Milhões de brasileiros devem se preparar para receber uma injeção desenvolvida por um governo dissimulado, falido e conhecido por envenenar os que o criticam. E, por mais incrível que pareça, pode dar tudo certo.

Da peste ao tifo, passando pela tuberculose, a Rússia tem uma longa história de combate a epidemias.

Produção da vacina russa Sputnik V no Instituto Gamaleya, nos arredores de Moscou
Produção da vacina russa Sputnik V no Instituto Gamaleya, nos arredores de Moscou - Andrei Rudakov - 21.ago.2020/Fundo de Investimento Direto da Rússia/via Reuters

Terrível durante o império czarista, a saúde pública passou por uma melhora notável depois da revolução de 1917. O projeto de expansão do atendimento básico e de campanhas de vacinações encontraram sucesso.

Em 1965, a União Soviética ostentava a média de 23 médicos por 10 mil habitantes, superior à do Brasil em 2019.

Um progresso vistoso, mas frágil. O tratamento das doenças não comunicáveis era desastroso, e a infraestrutura fora das zonas industriais, inexistente.

À imagem do resto do aparelho estatal, o setor da saúde entrou em colapso a partir dos anos 1980 e, depois do inferno dos anos 1990, acabou sob o controle de Vladimir Putin, seus comparsas do velho KGB de São Petersburgo e um contingente de oligarcas arrivistas.

Apesar de toda essa desgraça, é perfeitamente plausível que um grupo de especialistas financiados pelo Kremlin tenha conseguido revirar as ruínas soviéticas e resgatar a memória institucional para desenvolver uma vacina simples, barata e eficiente.

Esse elixir chegaria num momento decisivo para Putin, que acabou de prolongar a sua estada no topo do Estado por meio de um golpezinho bem ao seu estilo.

Angela Merkel, sob pressão de movimentos de direitos humanos, ameaça retirar o apoio da Alemanha à construção do oleoduto Nord Stream 2, eixo central da política energética da Rússia.

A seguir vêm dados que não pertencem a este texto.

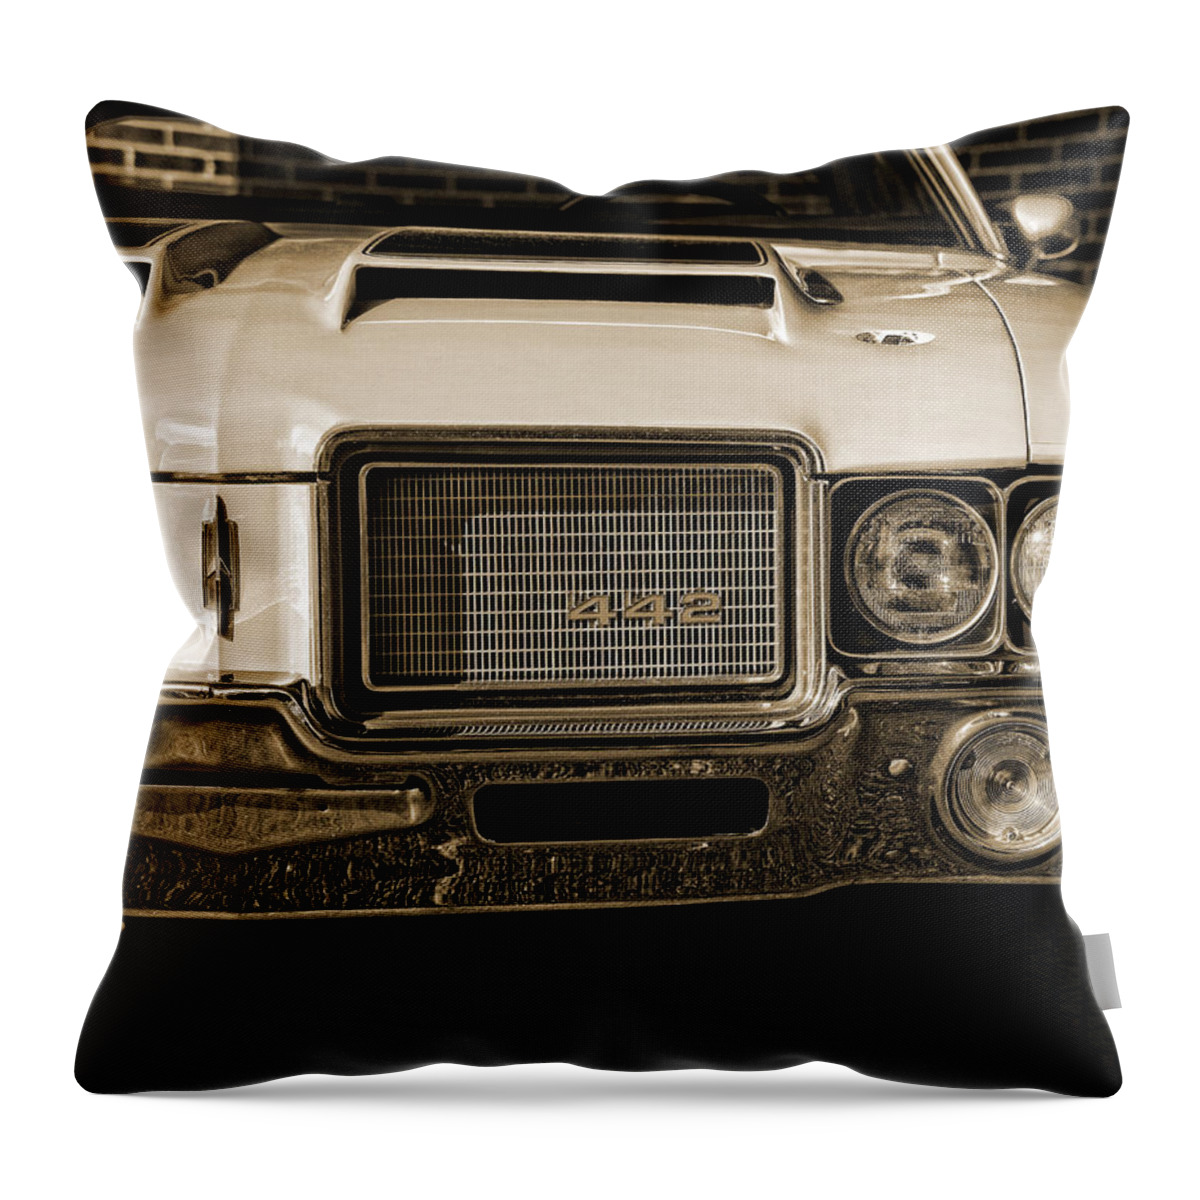 1972 Throw Pillow featuring the photograph 1972 Olds 442 - Sepia by Gordon Dean II

A insurreição popular na Belarus não tem solução fácil. Longe vão os tempos em que Putin podia botar ordem nos países vizinhos enviando um catatau de soldadinhos.

Até os governantes do Reino Unido, fiéis aliados dos oligarcas russos, estão abandonando o barco depois de verem as suas relações promíscuas expostas em jornais e livros investigativos.

Com o petróleo em mínimos históricos, sobram apenas a carcaça do aparato de segurança e uma vaga ambição geopolítica. Da manipulação de idosos do interior dos Estados Unidos nas redes sociais à articulação de milícias no deserto da Líbia, mercenários russos vagueiam ao redor do mundo para eliminar ameaças reais ou imaginárias.

Nesse marasmo, a Sputnik V é vista como uma madalena de Proust que oferece aos pacientes uma viagem a um passado idealizado.

Uma ilusão que permitirá a Putin poder disputar com Xi Jinping o lugar de organizador da saúde pública mundial, enquanto os Estados Unidos superam os seus problemas de terceiro mundo.

A vacina pode até ser um ator importante na luta contra o coronavírus. Mas isso, no fundo, pouco importa. O que conta para Putin é a breve sensação de poder que ela proporciona.